Thanks to José Andrés, I found a way better way to cook eggs.
Way.
Better.
I’ve struggled for years with finding a way to create a fried egg that the white is crispy and the yolk is warm and runny. And even before you start, I pull no punches with my next statement: fuck off with your salmonella and food born illness shit. I truly don’t care. I’ve never received an illness from all the raw and “undercooked” foods I’ve eaten in my life, and I bet I never will.
Thanks again to HULU which was broadcasting José Andrés’ “Made in Spain,” an incredible study in the food porn that is Spain, after I ran out of episodes of After Hours.
In the Madrid episode, Señor Andrés discusses the Spanish technique of frying eggs, a clear departure from how I was taught.
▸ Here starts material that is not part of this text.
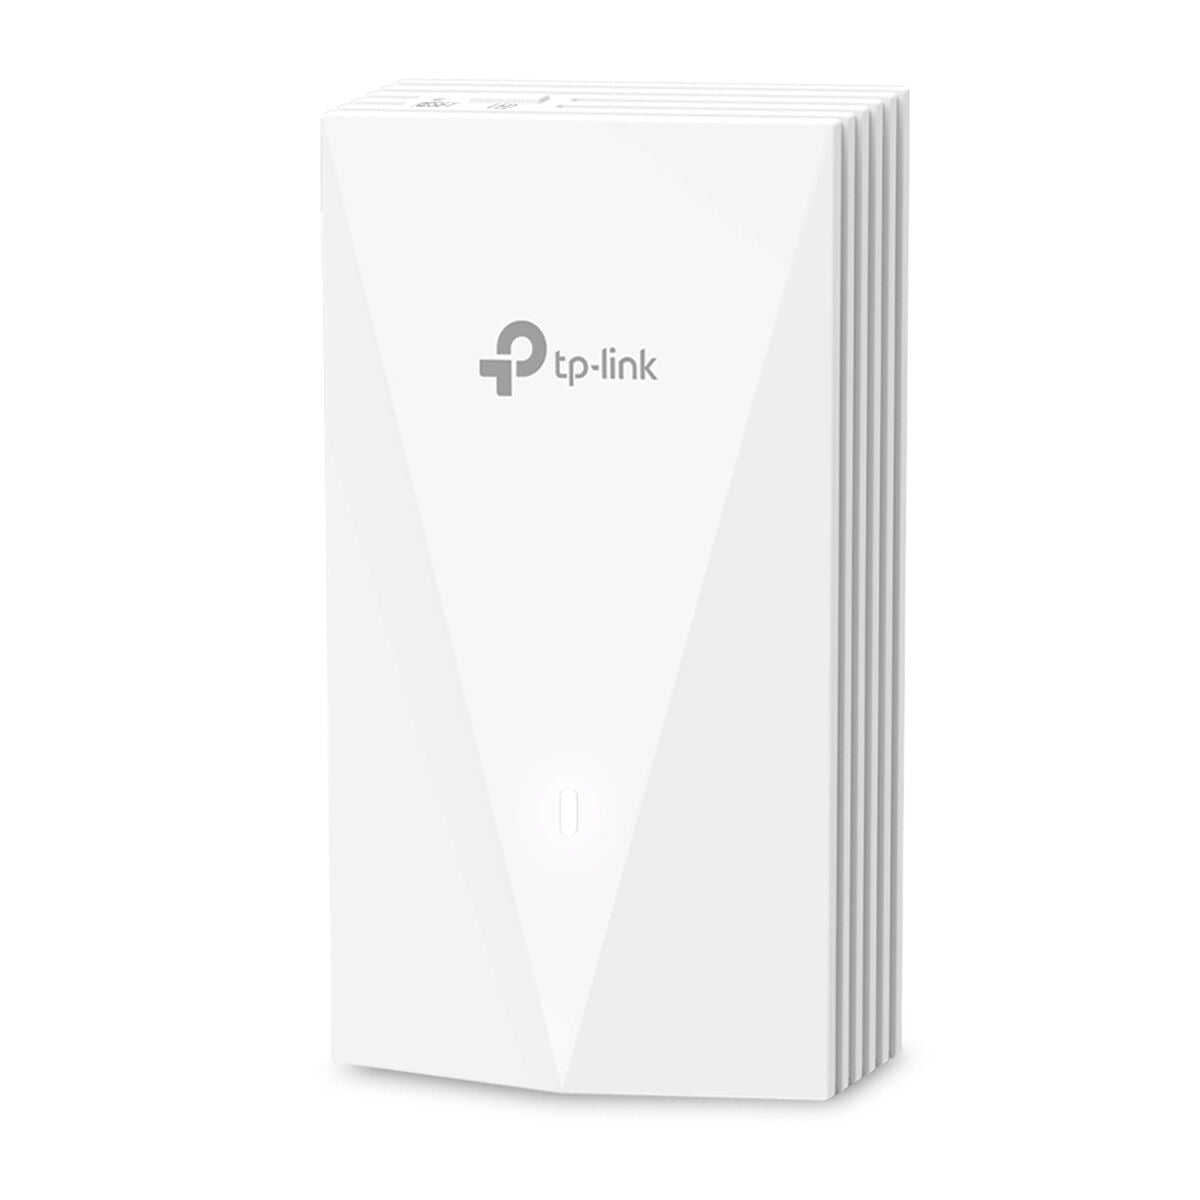 Access point TP-Link EAP655-WALL, TP-Link, Computing, Network devices, access-point-tp-link-eap655-wall, Brand_TP-Link, category-reference-2609, category-reference-2803, category-reference-2820, category-reference-t-19685, category-reference-t-19914, Condition_NEW, networks/wiring, Price_100 - 200, Teleworking, RiotNook

You probably recall someone throwing down a coating of butter in a pan, having it foam up and do all that crap butter does, and then cracking and dropping the eggs in the pan from about three feet above the pan, they stick anyway, and eventually you give up and just turn them into scrambled.
Well, that’s how I was taught, anyway.
Over the years as I started to try to cook with less fats (read: during the winter when I can’t get outside and run and exercise properly), I migrated away from butter to olive oil (we’ll find out in a minute that was actually a correct decision), and tried to use as little of said fat as possible in non-stick pans to attempt to craft a proper egg without inflating my ass to the size of a small Volkswagen.
To put it lightly (hah! I’m fat), I failed miserably for years.
I could never create the proper crust I wanted on the white, and still get the runny, delicious yolk that makes that amazing sauce for toast-draggin’. Either I would under cook the white, or massively overcook the yolk. Clearly there was something flawed in my technique. Diners could do it just fine, why couldn’t I?
The answer was simple.
YOU CAN’T TAKE OUT THE EXTRA FAT FROM THE PAN!
There’s a reason eggs are always loaded with butter (or oil!). The hot fat around the egg cooks it from multiple sides and surfaces at the same time, without being able to penetrate far into the egg’s deliciously yolky nether-regions.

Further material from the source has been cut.